Supplied information =>
----
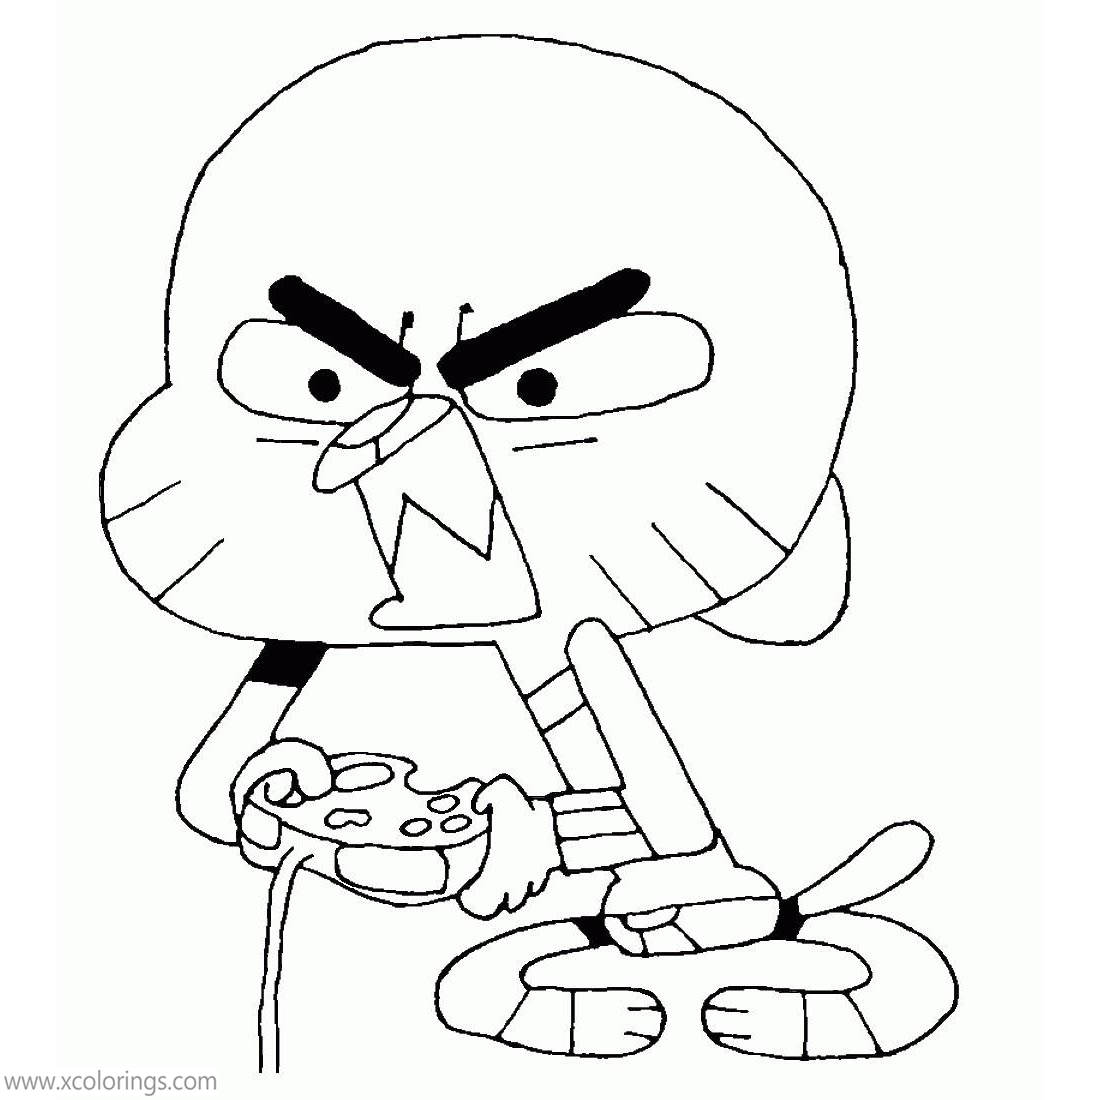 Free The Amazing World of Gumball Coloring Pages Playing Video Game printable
----
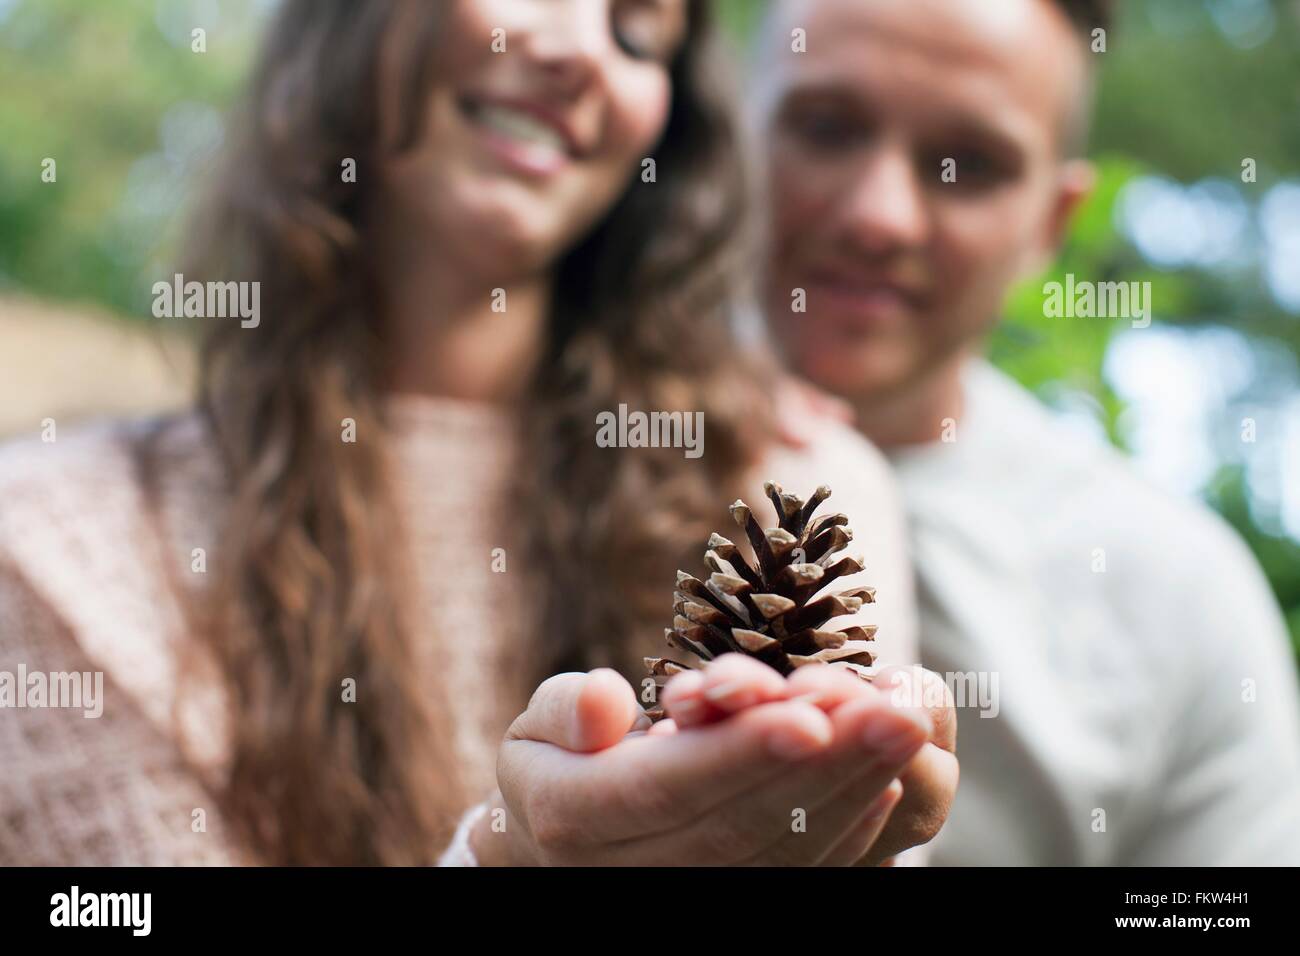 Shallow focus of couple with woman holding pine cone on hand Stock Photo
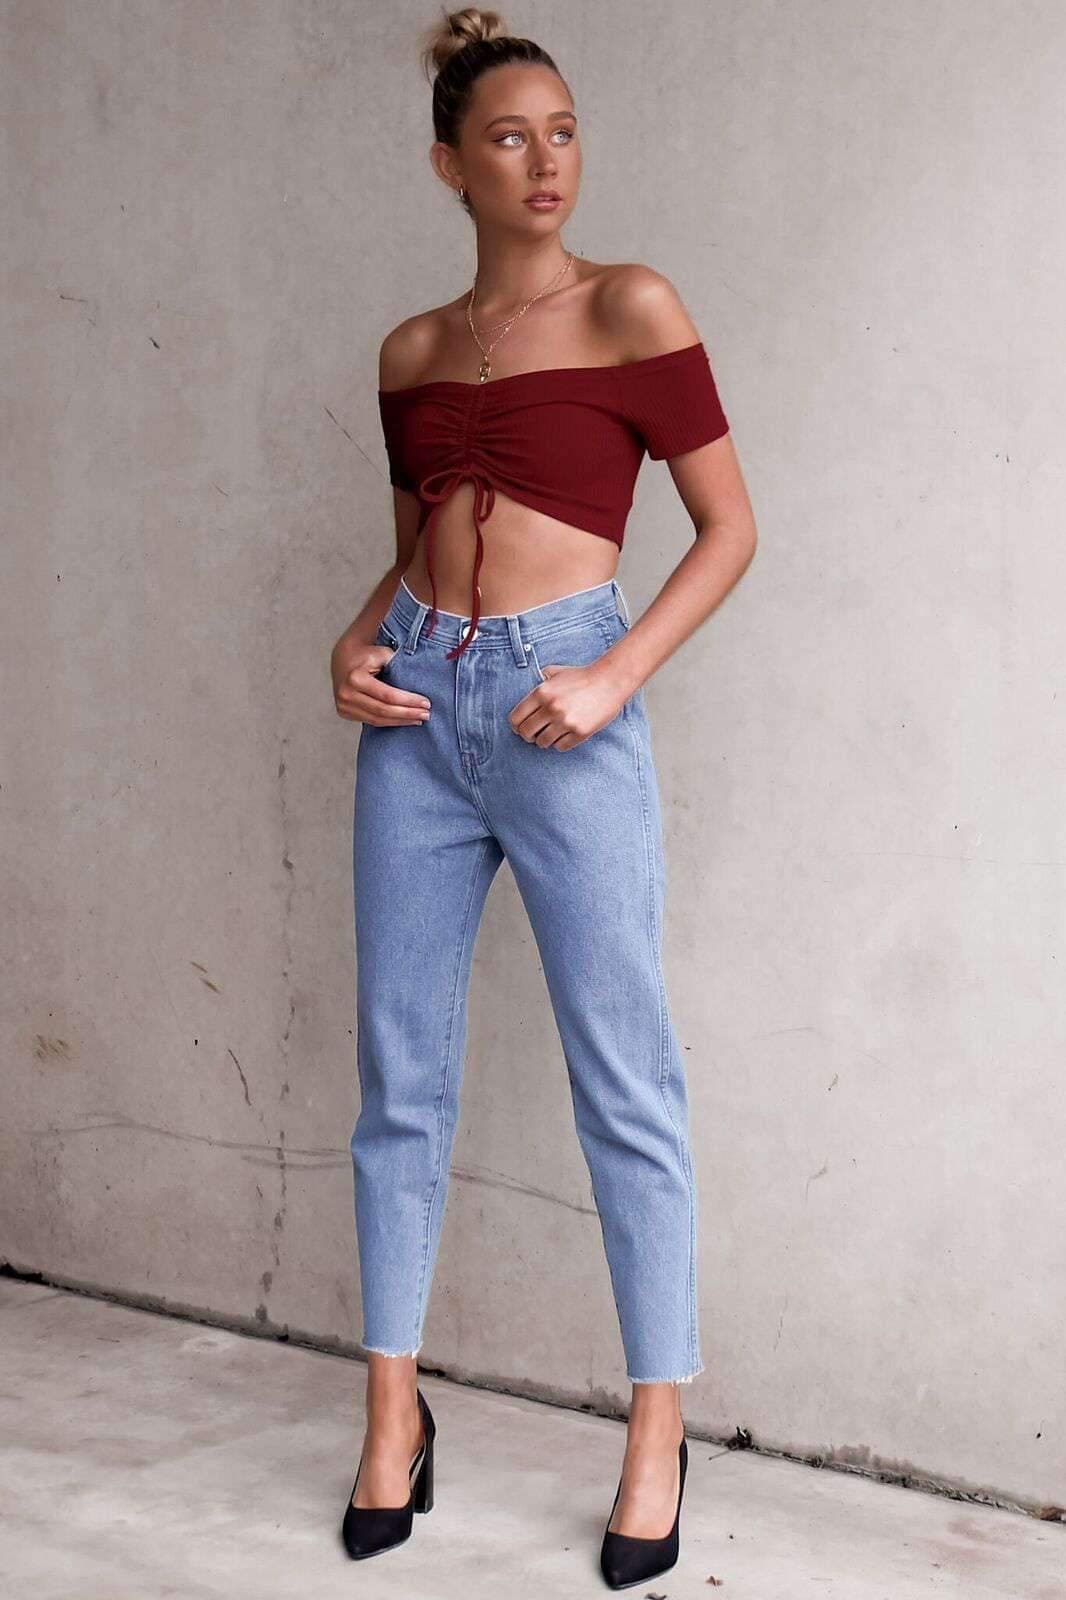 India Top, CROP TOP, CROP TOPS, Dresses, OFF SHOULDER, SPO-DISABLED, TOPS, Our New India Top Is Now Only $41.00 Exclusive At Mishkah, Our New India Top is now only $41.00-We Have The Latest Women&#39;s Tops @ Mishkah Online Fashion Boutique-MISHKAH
----
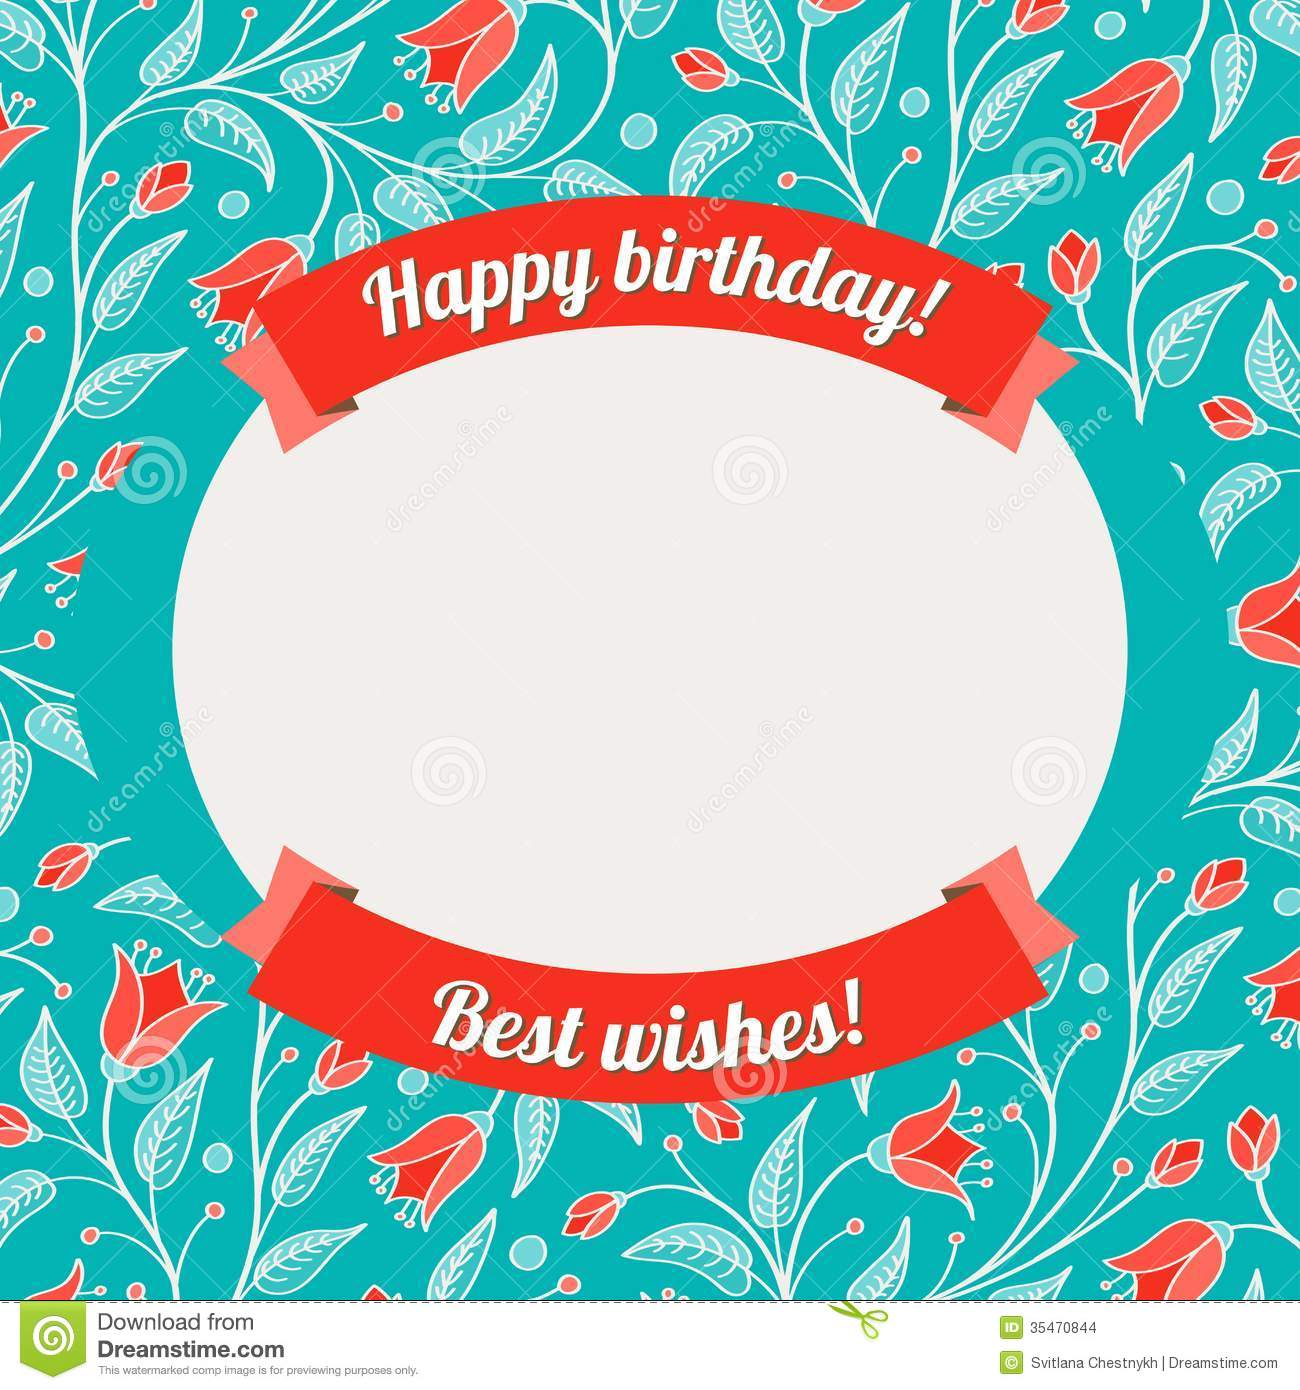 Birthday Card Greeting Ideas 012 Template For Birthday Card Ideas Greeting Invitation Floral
----
An exact copy of the lines above from the one with "Shallow focus of" up to and including the one with "India Top, CROP" is required; reproduce only those lines, omitting all pictures.

 Shallow focus of couple with woman holding pine cone on hand Stock Photo
 India Top, CROP TOP, CROP TOPS, Dresses, OFF SHOULDER, SPO-DISABLED, TOPS, Our New India Top Is Now Only $41.00 Exclusive At Mishkah, Our New India Top is now only $41.00-We Have The Latest Women&#39;s Tops @ Mishkah Online Fashion Boutique-MISHKAH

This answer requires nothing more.